Activity: For the word "sauce", tally the lines of the data that contain it and give the tally alone.

*** Records provided Section Begins ***

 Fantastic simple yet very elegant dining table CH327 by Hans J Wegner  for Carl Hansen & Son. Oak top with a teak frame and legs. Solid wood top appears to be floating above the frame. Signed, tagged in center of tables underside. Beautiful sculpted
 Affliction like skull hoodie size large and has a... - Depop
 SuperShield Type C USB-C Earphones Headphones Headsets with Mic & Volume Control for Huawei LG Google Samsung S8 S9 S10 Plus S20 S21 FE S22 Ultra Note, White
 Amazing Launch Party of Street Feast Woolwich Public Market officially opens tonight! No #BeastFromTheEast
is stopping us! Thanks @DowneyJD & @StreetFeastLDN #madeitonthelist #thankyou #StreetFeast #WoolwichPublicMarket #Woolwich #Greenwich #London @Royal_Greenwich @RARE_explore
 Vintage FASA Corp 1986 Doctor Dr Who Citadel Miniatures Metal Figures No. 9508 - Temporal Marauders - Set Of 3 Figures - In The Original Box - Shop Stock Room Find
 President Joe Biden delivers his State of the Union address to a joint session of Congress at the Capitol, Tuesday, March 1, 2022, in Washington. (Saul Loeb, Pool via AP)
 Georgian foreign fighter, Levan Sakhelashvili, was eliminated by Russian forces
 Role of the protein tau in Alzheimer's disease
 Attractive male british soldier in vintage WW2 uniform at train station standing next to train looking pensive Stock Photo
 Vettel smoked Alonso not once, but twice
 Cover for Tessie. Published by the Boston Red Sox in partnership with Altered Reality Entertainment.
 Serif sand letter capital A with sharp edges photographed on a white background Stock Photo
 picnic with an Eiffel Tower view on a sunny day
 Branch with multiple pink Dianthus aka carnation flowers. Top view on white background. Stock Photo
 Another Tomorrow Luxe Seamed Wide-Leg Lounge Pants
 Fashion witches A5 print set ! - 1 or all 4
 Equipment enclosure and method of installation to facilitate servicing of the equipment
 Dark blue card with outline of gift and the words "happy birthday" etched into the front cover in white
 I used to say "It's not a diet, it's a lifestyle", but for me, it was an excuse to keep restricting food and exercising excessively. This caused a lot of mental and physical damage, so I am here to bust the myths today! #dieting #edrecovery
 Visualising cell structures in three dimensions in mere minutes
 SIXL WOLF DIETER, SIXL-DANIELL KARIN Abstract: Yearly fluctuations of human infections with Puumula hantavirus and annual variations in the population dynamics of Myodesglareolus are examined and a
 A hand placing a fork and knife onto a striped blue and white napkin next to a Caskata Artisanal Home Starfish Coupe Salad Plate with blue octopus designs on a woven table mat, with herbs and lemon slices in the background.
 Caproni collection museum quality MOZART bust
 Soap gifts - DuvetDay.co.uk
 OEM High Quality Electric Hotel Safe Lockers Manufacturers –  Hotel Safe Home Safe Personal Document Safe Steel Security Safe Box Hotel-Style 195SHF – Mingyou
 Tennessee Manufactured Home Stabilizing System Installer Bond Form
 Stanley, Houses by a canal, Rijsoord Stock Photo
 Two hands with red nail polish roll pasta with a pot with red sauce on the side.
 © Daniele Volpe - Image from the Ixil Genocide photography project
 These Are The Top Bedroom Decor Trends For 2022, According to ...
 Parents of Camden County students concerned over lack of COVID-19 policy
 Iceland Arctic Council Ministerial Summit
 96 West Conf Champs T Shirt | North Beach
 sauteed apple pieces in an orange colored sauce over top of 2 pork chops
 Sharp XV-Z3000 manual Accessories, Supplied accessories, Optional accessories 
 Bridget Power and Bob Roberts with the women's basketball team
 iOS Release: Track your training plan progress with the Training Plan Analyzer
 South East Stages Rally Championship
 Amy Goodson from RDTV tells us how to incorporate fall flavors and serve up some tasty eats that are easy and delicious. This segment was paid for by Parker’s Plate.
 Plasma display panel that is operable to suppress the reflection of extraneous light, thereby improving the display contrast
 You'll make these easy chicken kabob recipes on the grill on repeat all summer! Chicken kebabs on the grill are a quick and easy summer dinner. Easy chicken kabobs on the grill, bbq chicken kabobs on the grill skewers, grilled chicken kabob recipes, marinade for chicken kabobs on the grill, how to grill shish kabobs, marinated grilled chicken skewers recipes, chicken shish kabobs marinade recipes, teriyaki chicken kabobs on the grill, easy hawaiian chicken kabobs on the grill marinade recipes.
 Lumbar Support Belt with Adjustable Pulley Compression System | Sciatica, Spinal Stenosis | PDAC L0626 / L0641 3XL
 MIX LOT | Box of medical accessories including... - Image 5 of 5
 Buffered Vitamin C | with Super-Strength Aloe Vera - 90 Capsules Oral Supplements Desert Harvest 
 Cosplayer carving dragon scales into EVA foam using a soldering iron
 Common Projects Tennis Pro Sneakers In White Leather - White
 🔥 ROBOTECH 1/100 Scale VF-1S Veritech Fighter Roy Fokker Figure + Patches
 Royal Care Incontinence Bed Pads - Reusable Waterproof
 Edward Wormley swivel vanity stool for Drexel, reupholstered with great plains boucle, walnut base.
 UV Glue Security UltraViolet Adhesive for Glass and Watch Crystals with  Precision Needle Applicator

*** Records provided Section Ends ***

Solution: 2